Description:
You are climbing a stair case. It takes n steps to reach to the top.
Each time you can either climb 1 or 2 steps. In how many distinct ways can you climb to the top?
Note: Given n will be a positive integer.
Example 1:
Input: 2
Output: 2
Explanation: There are two ways to climb to the top.
1. 1 step + 1 step
2. 2 steps
Example 2:
Input: 3
Output: 3
Explanation: There are three ways to climb to the top.
1. 1 step + 1 step + 1 step
2. 1 step + 2 steps
3. 2 steps + 1 step
Solution:
使用递归法
class Solution {
public:
int climbStairs(int n) {
return partOfStairs(n);
}
int partOfStairs(int n){
if(n>2){
return partOfStairs(n-1)+partOfStairs(n-2);
} else if(n==2) {
return 2;
}else
return 1;
}
};
难受
动态规划
类似斐波那契数列。
你只需要记住到达身后两个台阶的方法数,到达当前台阶的方法数就是,身后第一个台阶的向前一步一个台阶或者身后第二个台阶一步向前迈两台阶。

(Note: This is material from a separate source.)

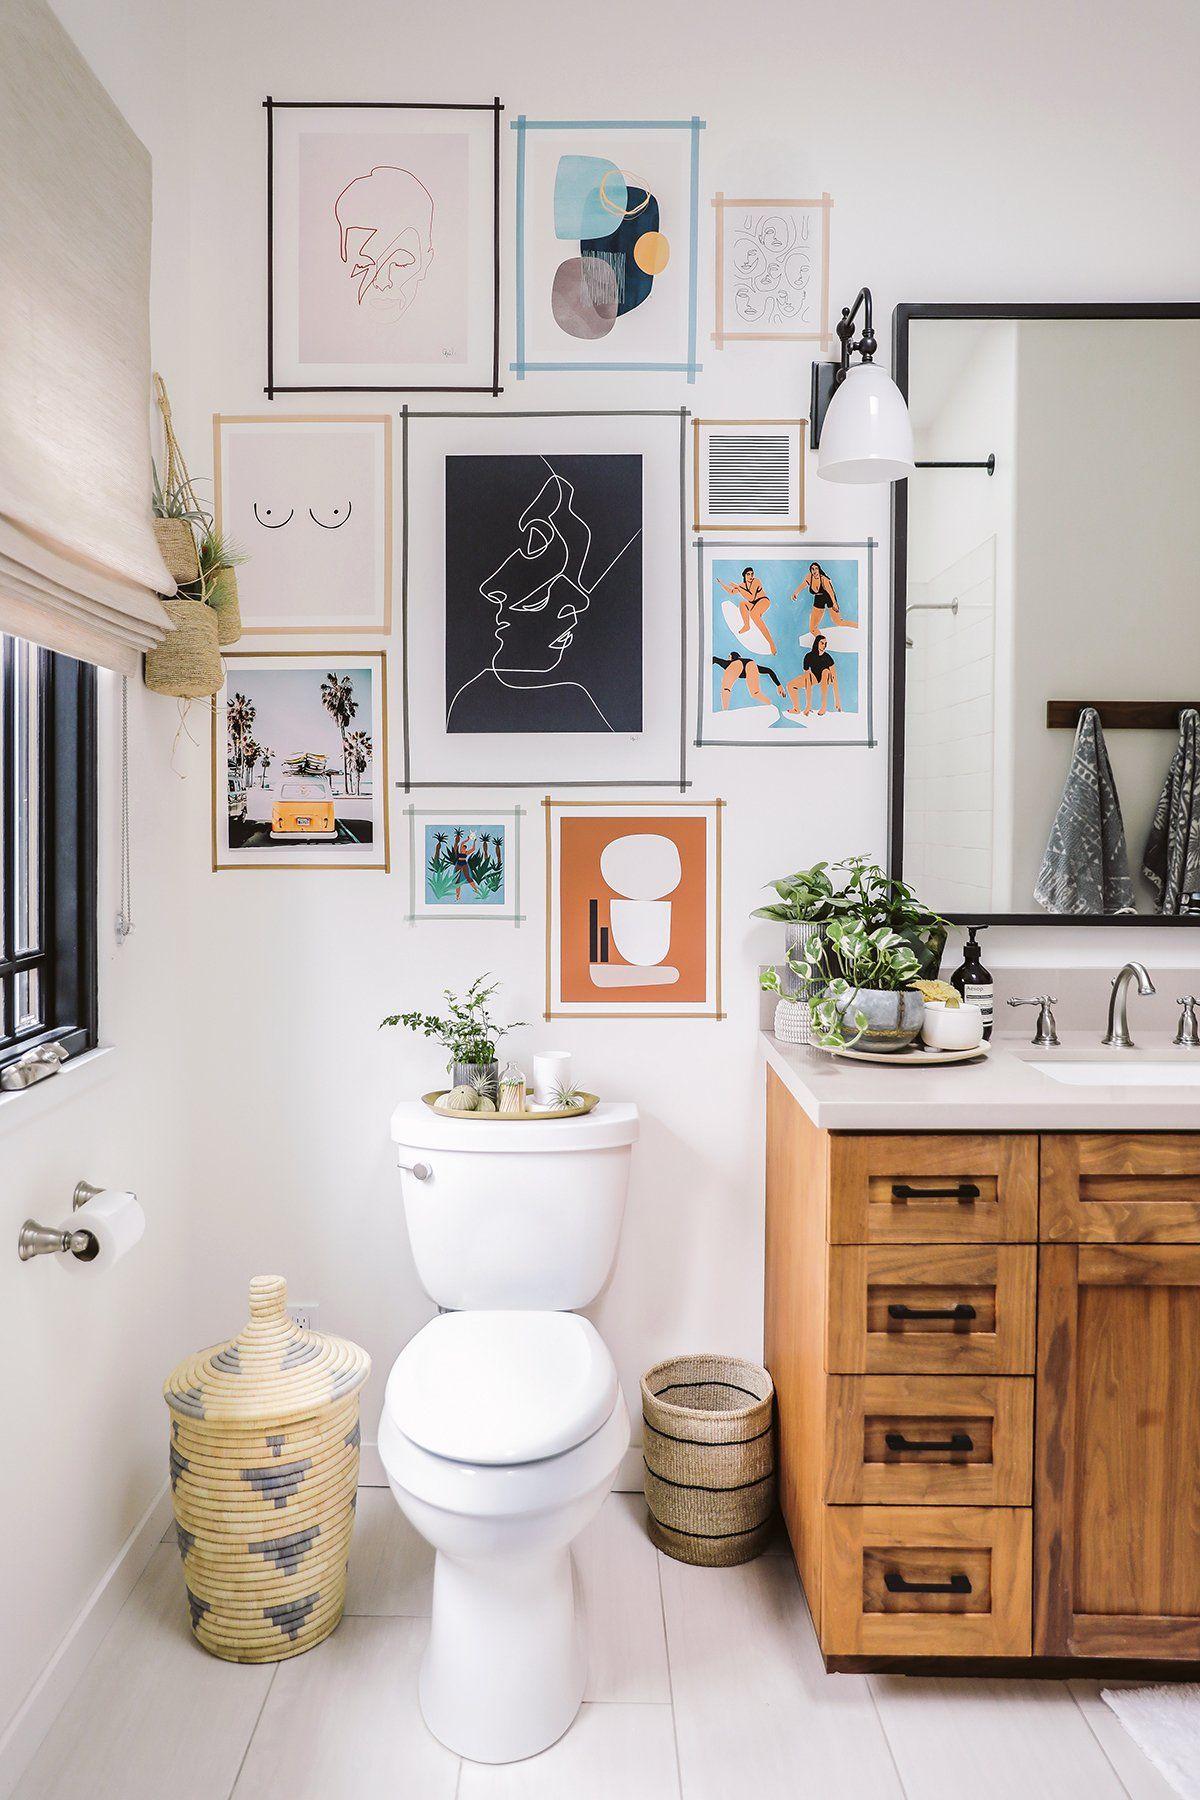 Diy Washi Tape Gallery Wall Small Living Room Decor Bathroom

这样可知到达你当前的台阶方法数即为到达前面两个台阶方法数之和。
官方动图:
class Solution {
public:
int climbStairs(int n) {
int prev=1,cur=1,total=0;
for(int i = 2; i <= n; i++)
{
total = cur + prev; //Only last two element sum is required
prev = cur;
cur = total;
}
return cur;
}
};
AC